Oireachtas Joint and Select Committees
Tuesday, 1 March 2022
Joint Oireachtas Committee on Climate Action
Energy - Ambition and Challenges: Discussion
Dr. James Carton:
For the hydrogen strategy we need to think generally around our carbon budgets. Ireland, at some point in the future, will have to start sucking carbon out of the atmosphere because we are most likely going to go over our carbon budgets. That is one thing to mention. If we are going down a hydrogen route, we can really easily, given all the comments in this room, go with a green hydrogen strategy. Frequently, as we go into 2030 and beyond, we will produce way more energy than batteries can store and that we can move in our cables, so we can produce lots of hydrogen. It can be green. That is a thing to think about. Whoever is pulling together the hydrogen strategy needs to think about that
. The certification process is really important. The fact I can prove I have an electrolyser in the middle of an ocean beside a wind farm means it is obvious it is green hydrogen. It is not so obvious though once the hydrogen goes into a pipe, ship, vehicle or industry. The certification process of hydrogen full stop, namely, whatever colour it is, needs to exist. This is developed through the EU and through a number of projects through Europe and it exists so effectively we will apply similar processes. What this does, more than us being able to sell it as a green product that is guaranteed Irish and green to export, maybe, is it engages with public and with people. This is not a greenwashing exercise. There is certification here. We are producing it. Our strategy says it is going to be green and that needs to be embedded in whatever strategy is produced.

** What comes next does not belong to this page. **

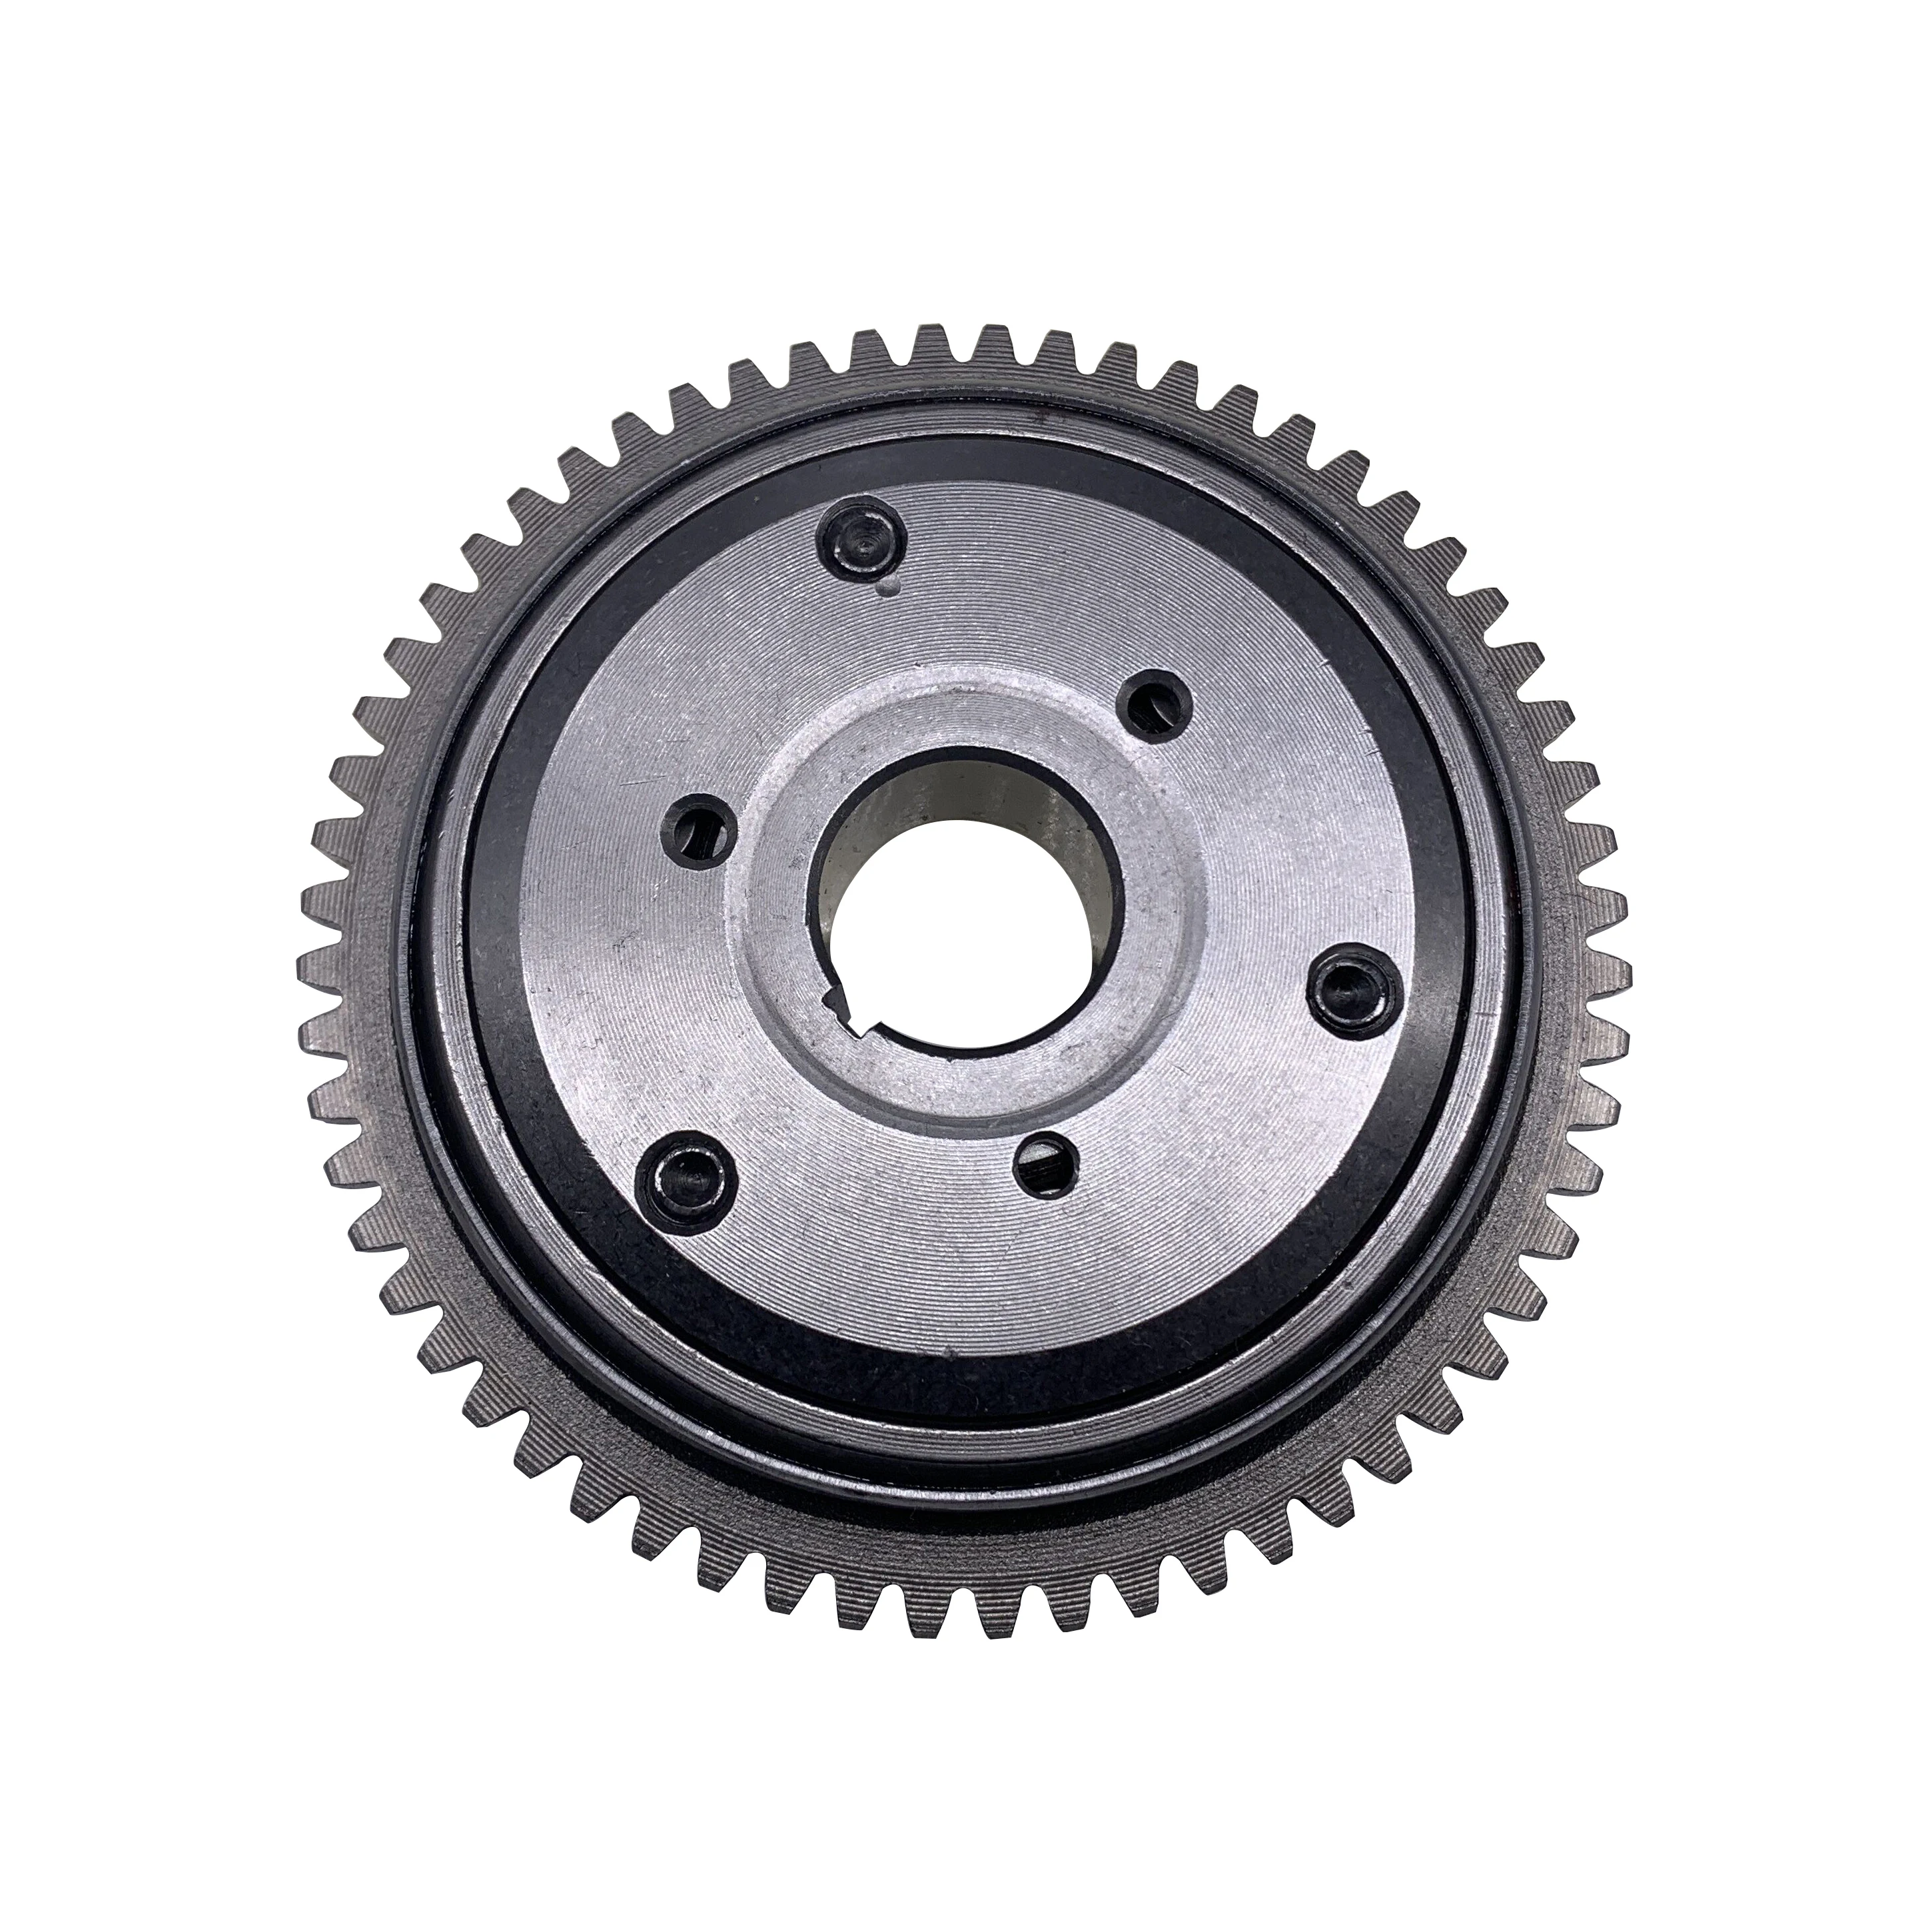 

Starter Clutch Gear Assembly for Scooter Moped 4 Stroke GY6 125cc 150cc 152QMI 157QMJ ATV Go-Kart Scooter
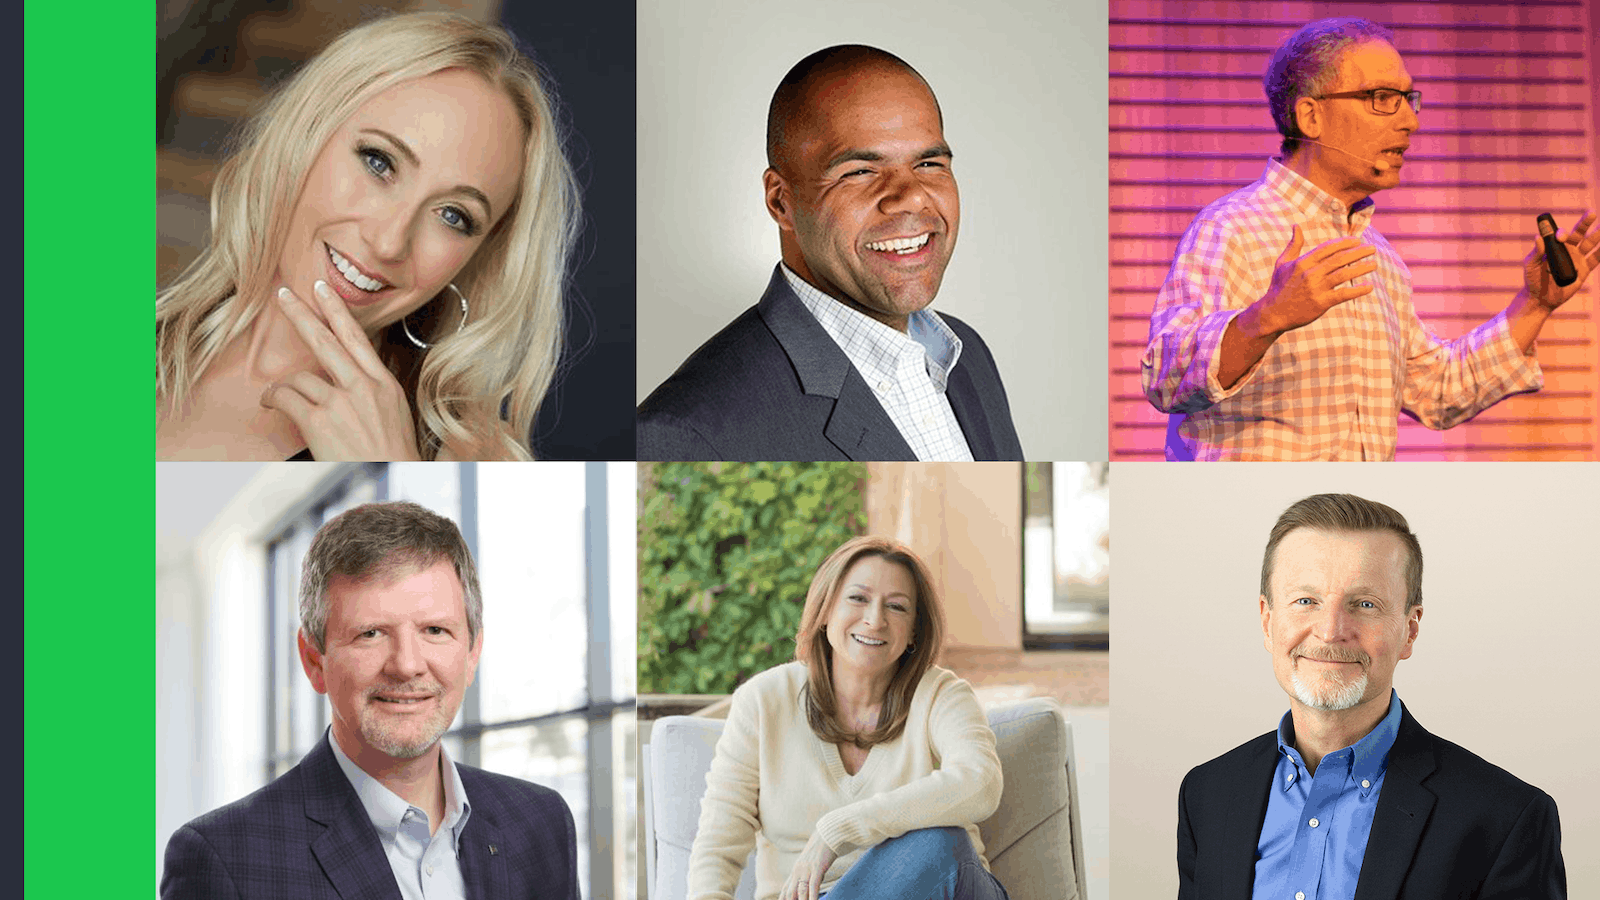 15 Top CX Influencers to Follow

The other point was hydrogen valleys. If we are producing hydrogen over the next number of years, from an early deployment point of view we are probably going to be on the scale of tens to maybe hundreds of megawatts. We see Ireland could produce probably 500 MW of hydrogen by 2030 if we really wanted to. That would be used to decarbonise heavy industry and some heavy transport, for example. We think that is possible and achievable by 2030 if the push is there from the renewable deployment to match that. The key with those early deployment projects is production, use and decarbonisation probably fairly close to each other so the need for complex energy carriers like ammonia, certainly in the early years, is eliminated and the cost of moving hydrogen around or even storing it for long durations is also eliminated. Again, it gives us experience. It gives our workforce experience, knowledge and skills. It gives the education people routes to upskill people through SOLAS, universities or technical courses. It gives us time to learn and be prepared to scale up past 2030 for hydrogen. I hope that answers the Senator's question.